Les différentes valeurs données à la vérité
Le vrai comme efficacité
Pour le philosophe pragmatique William James, le vrai a une valeur d'efficacité.
On peut déterminer la valeur d'une découverte et savoir si elle est proche de la vérité en fonction de l'efficacité qu'ont ses résultats sur le monde.
La position sceptique sur la vérité
Pour les sceptiques, la pensée humaine n'est pas capable de déterminer une vérité avec certitude.
Scepticisme
Le scepticisme (du grec skepsis, "examen") est une doctrine philosophique selon laquelle la pensée humaine ne peut déterminer aucune vérité avec certitude.

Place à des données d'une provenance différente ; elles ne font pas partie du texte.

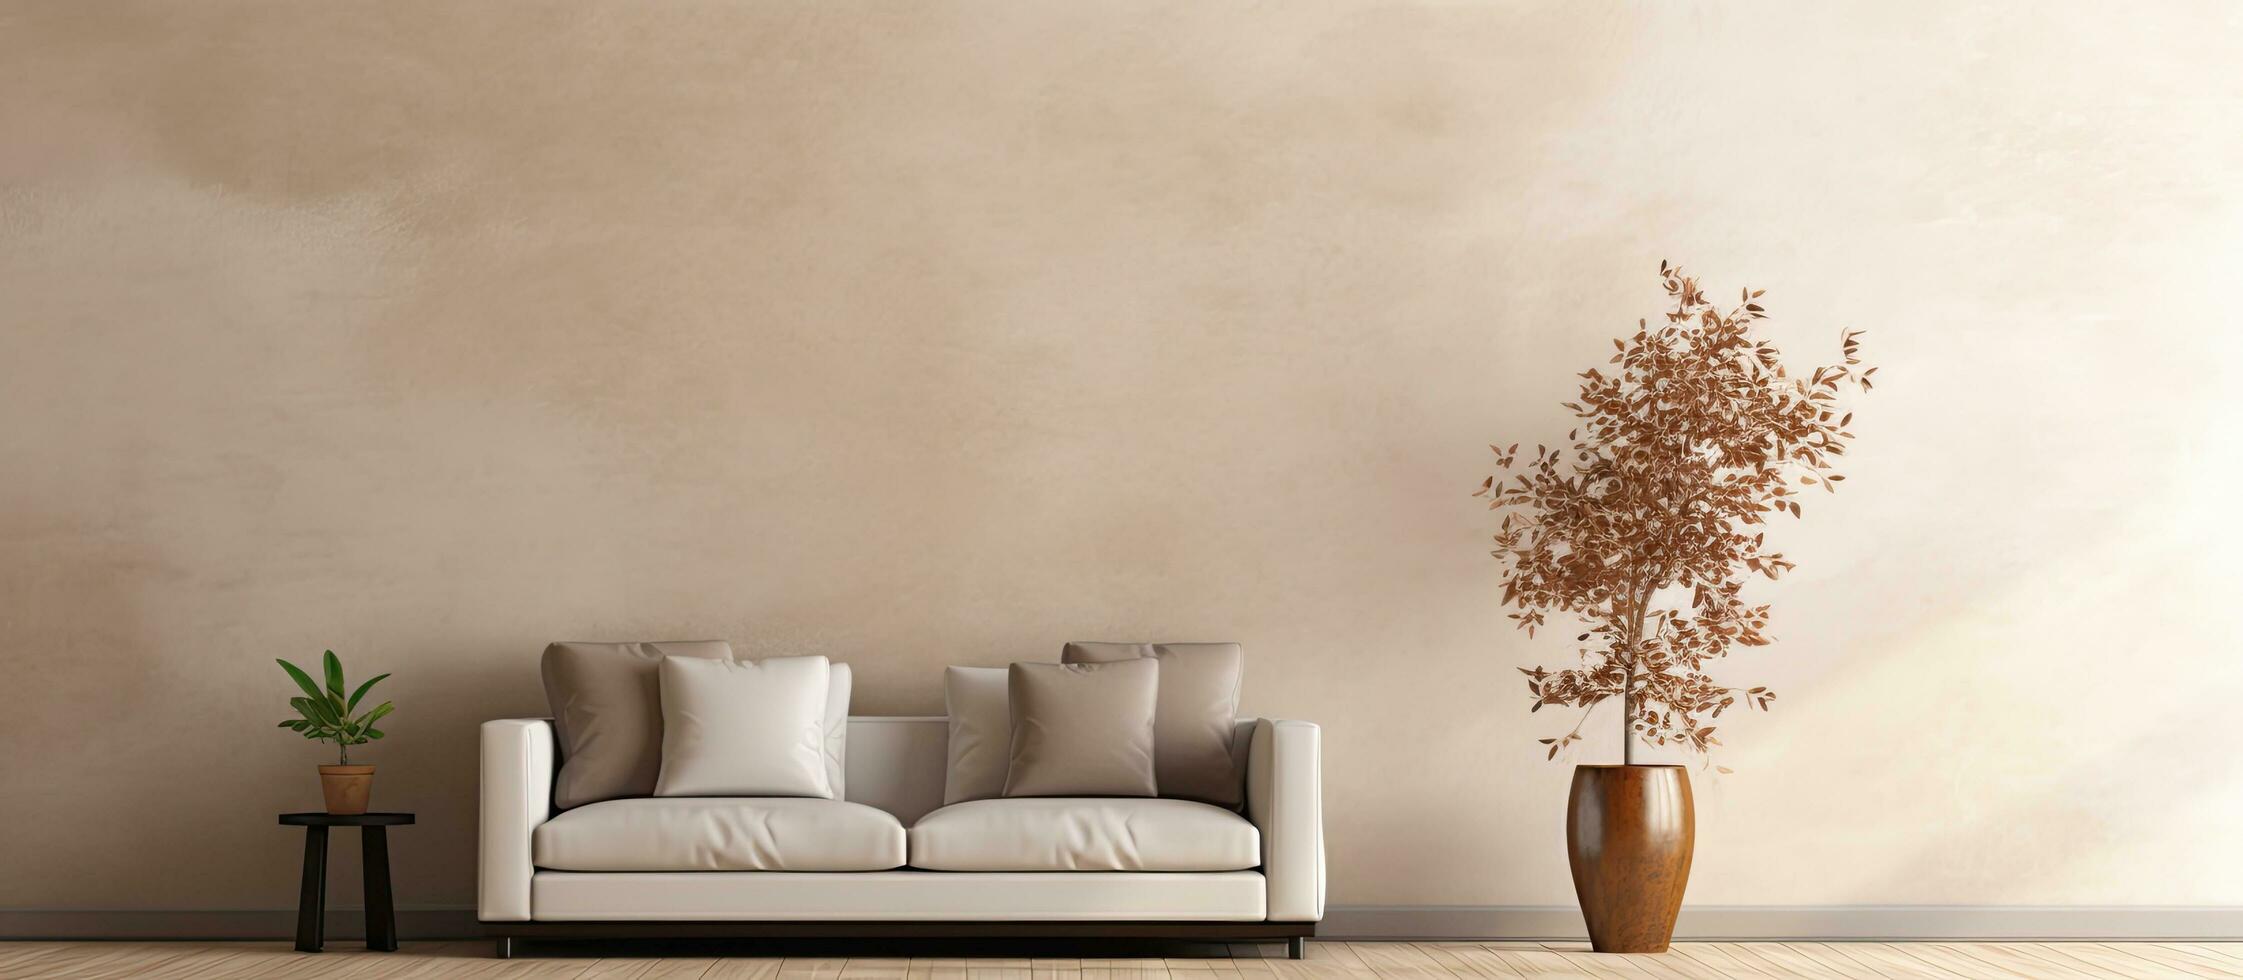 Vorlage zum ein minimalistisch Zuhause Dekor mit ein Beige Sofa, Seite Tisch, Blatt im ein Vase, Puff, elegant foto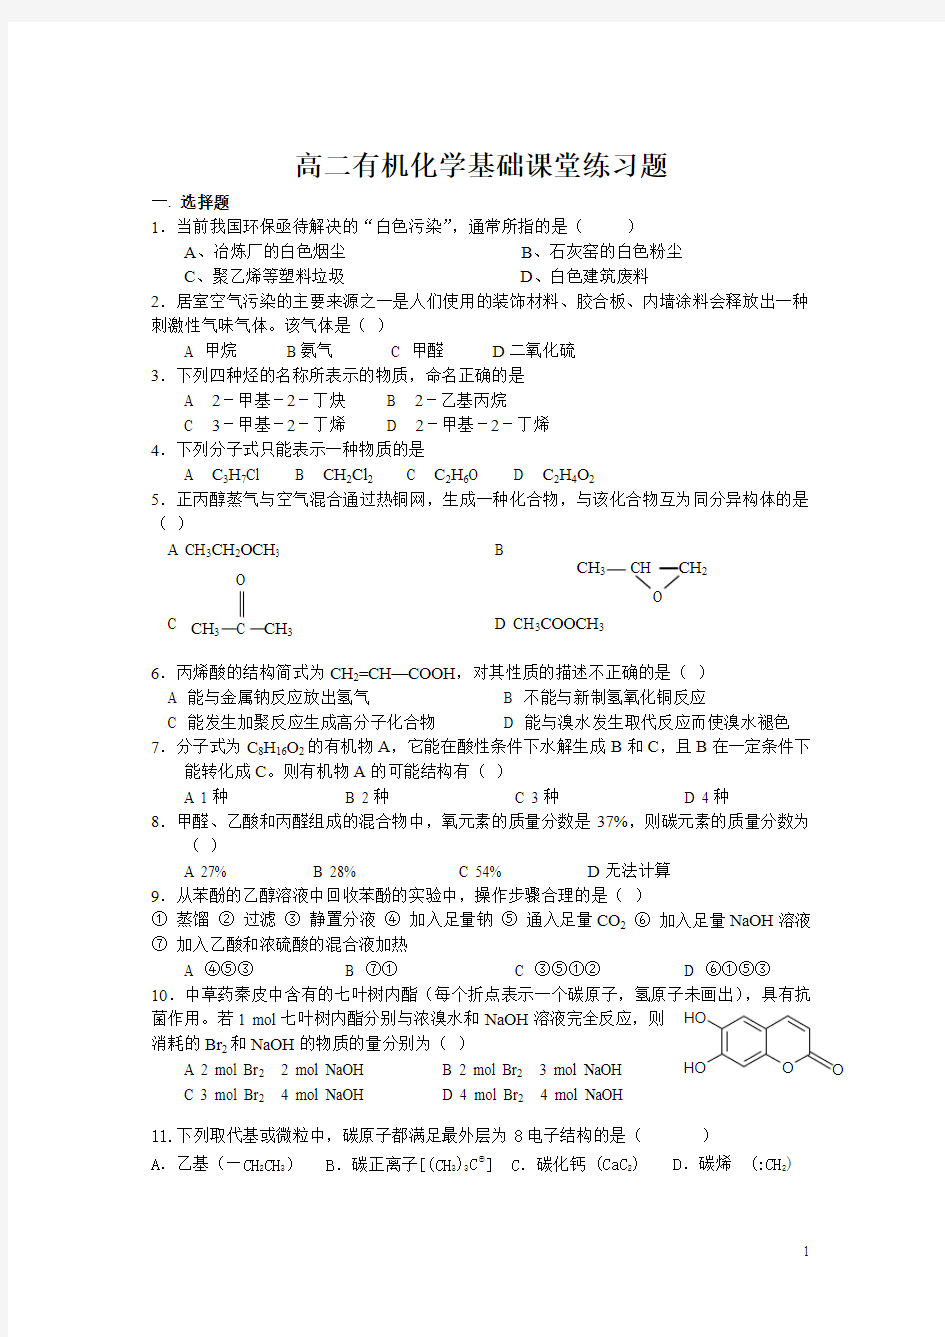 高二有机化学基础烃的衍生物课堂练习题[1]

Les sceptiques proposent deux arguments majeurs :
- Le premier argument affirme que l'homme n'a affaire qu'à des apparences, c'est-à-dire des phénomènes sensibles. La conséquence est que l'on ne peut affirmer de vérité ou de fausseté concernant les choses. On peut seulement décrire la façon dont elles apparaissent ou dont elles nous affectent.
- Le second argument affirme qu'à chaque thèse il est possible d'opposer une thèse contraire équivalente, sans posséder les moyens de trancher en faveur de l'une ou de l'autre. La conséquence est qu'il est impossible de ne rien affirmer avec certitude.
L'interdiction de mentir
Pour Emmanuel Kant, la vérité, au-delà de la science qui est une construction, est une valeur morale qui interdit de mentir même à un assassin qui cherche la victime qu'il veut tuer.
En effet, la vérité morale n'admet aucune exception, elle reflète la rigueur de la raison pratique, qui recherche la même rigueur, la même universalité, que la raison en général.
Dans le domaine théorique (la connaissance), la raison pure est facteur d'illusion, comme par exemple en métaphysique. Dans le domaine pratique (la morale), il est indispensable qu'elle soit pure, désintéressée, comme dans l'exemple proposé.
Le droit de mentir
Contre la vérité comme valeur morale, on trouve "le droit de mentir par humanité" de Benjamin Constant : on ne doit pas dire la vérité sur son état à un mourant, sauf s'il l'exige.
Le principe moral que dire la vérité est un devoir, s'il était pris d'une manière absolue et isolée, rendrait toute société impossible. Nous en avons la preuve dans les conséquences directes qu'a tirées de ce premier principe un philosophe allemand, qui va jusqu'à prétendre qu'envers des assassins qui vous demanderaient si votre ami qu'ils poursuivent n'est pas réfugié dans votre maison, le mensonge serait un crime.
Benjamin Constant
Des réactions politiques, Paris, éd. Hachette Livre BNF, coll. "Sciences sociales" (2013)
1796
Pour Constant, la vérité est certes un devoir, mais celui-ci ne doit pas être appliqué sans considération pour les circonstances particulières dans lesquelles on se trouve. Ici, puisqu'il s'agit de nuire à un individu, Benjamin Constant souligne que l'on n'a pas de devoir de vérité envers la personne qui veut nuire à autrui.
La vérité comme illusion
Enfin, la vérité peut être perçue comme n'étant qu'une illusion qui n'a pas de valeur.
On peut penser que la vérité n'est qu'une illusion, inventée par la métaphysique et la religion dans le but de se consoler. Friedrich Nietzsche propose ainsi de concevoir la vérité comme une consolation nécessaire. En fait, la vérité ne serait qu'une invention de la métaphysique et de la religion. Les hommes, las de souffrir et incapables d'agir, se réfugieraient dans une croyance rassurante : celle d'un monde immuable permanent, qui correspond au monde des Idées chez Platon ou à "l'autre monde" de la religion. La vérité serait donc une "nécessité vitale".
Nietzsche critique cette vérité qui rassure mais qui maintient en quelque sorte dans l'illusion. Il ne faut pas vouloir la vérité, il faut au contraire assumer l'absence de vérité (car il n'y a ni vérité ni mensonge). Il y a uniquement la vie. Ce n'est pas parce que la vérité "sauve" qu'elle est vraie.